=== Task directions ===
Please copy the data below exactly; none of the pictures in it belong in the copy.

** Opening Given information block **

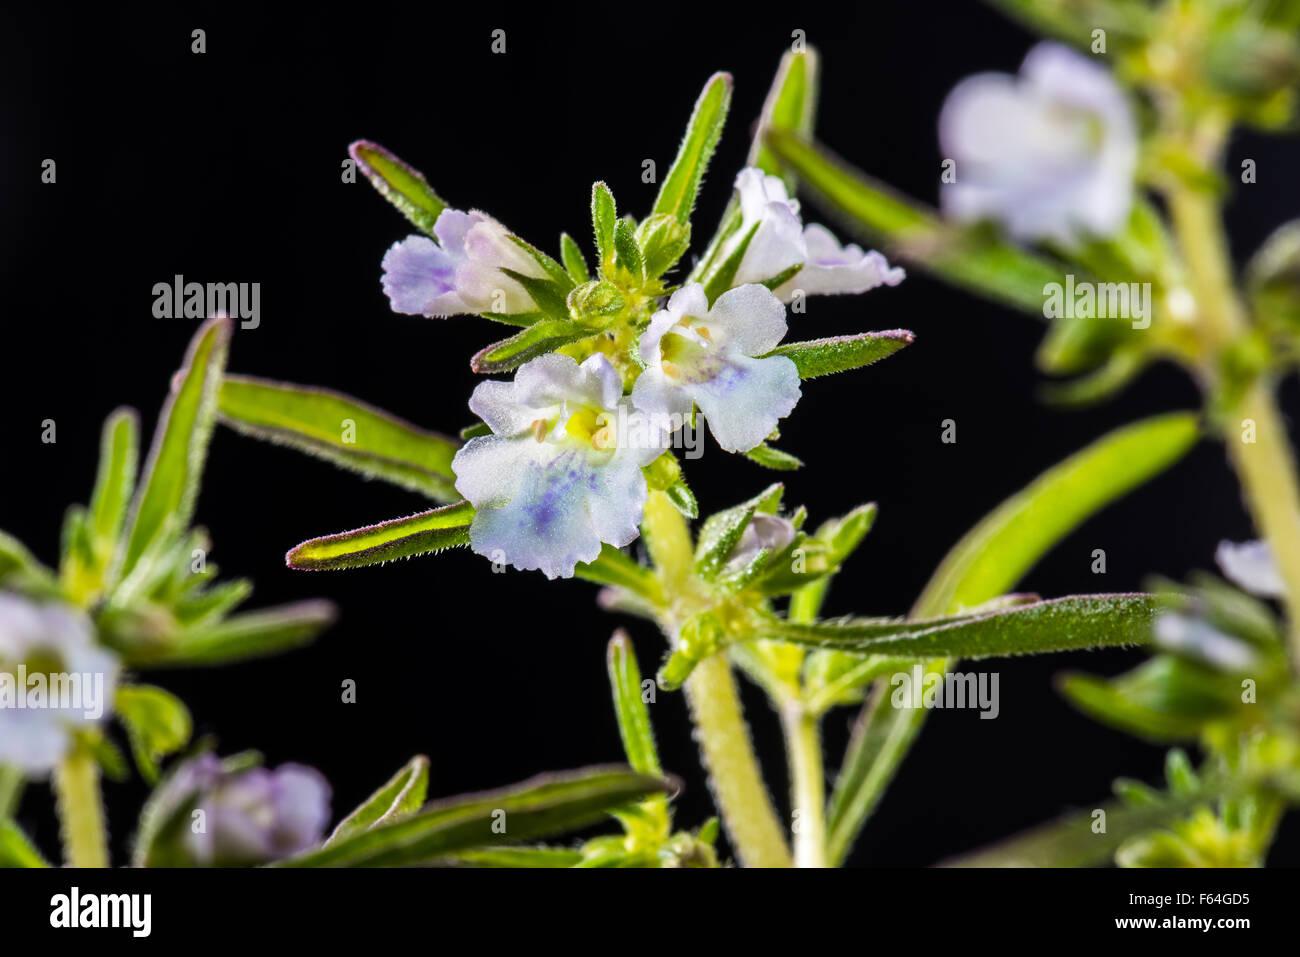 Savory, spice, seasoning, bloom, blooming, in bloom, plant, essential oils, fresh, herb, herbal, green, purple, - Stock Image
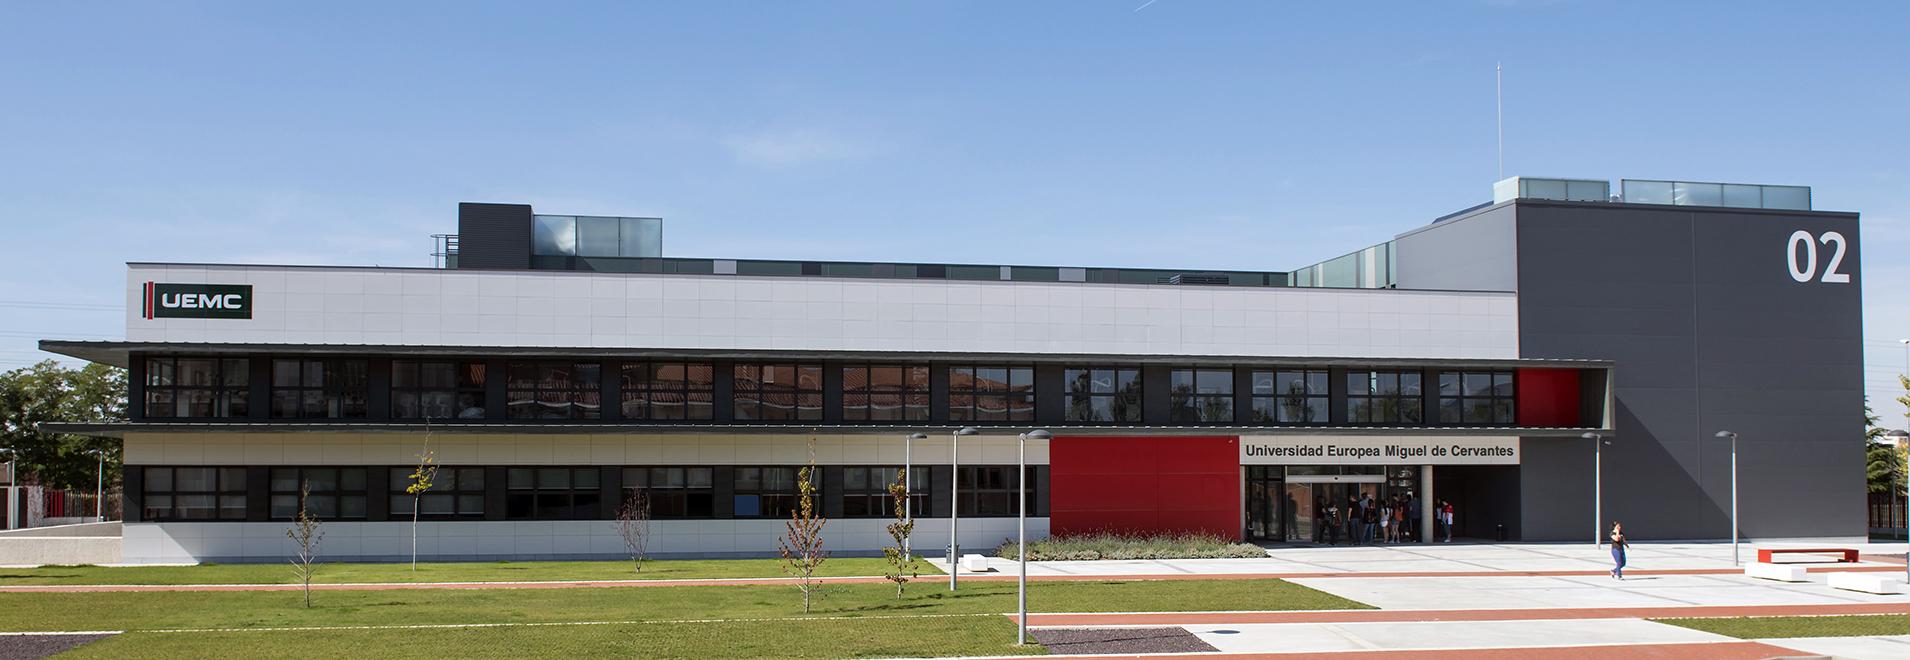 UEMC_Campus
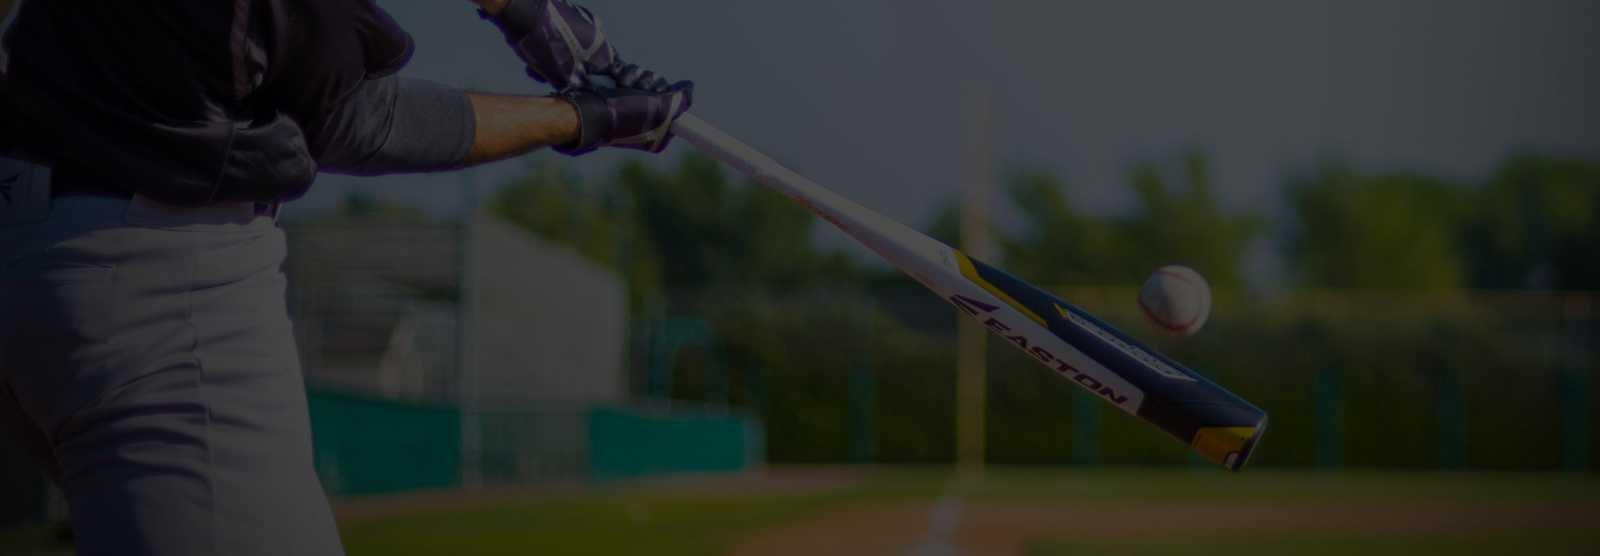 Easton-Elite-Teams-Baseball

** Closing Given information block **

=== Response ===
 Savory, spice, seasoning, bloom, blooming, in bloom, plant, essential oils, fresh, herb, herbal, green, purple, - Stock Image
 UEMC_Campus
 Easton-Elite-Teams-Baseball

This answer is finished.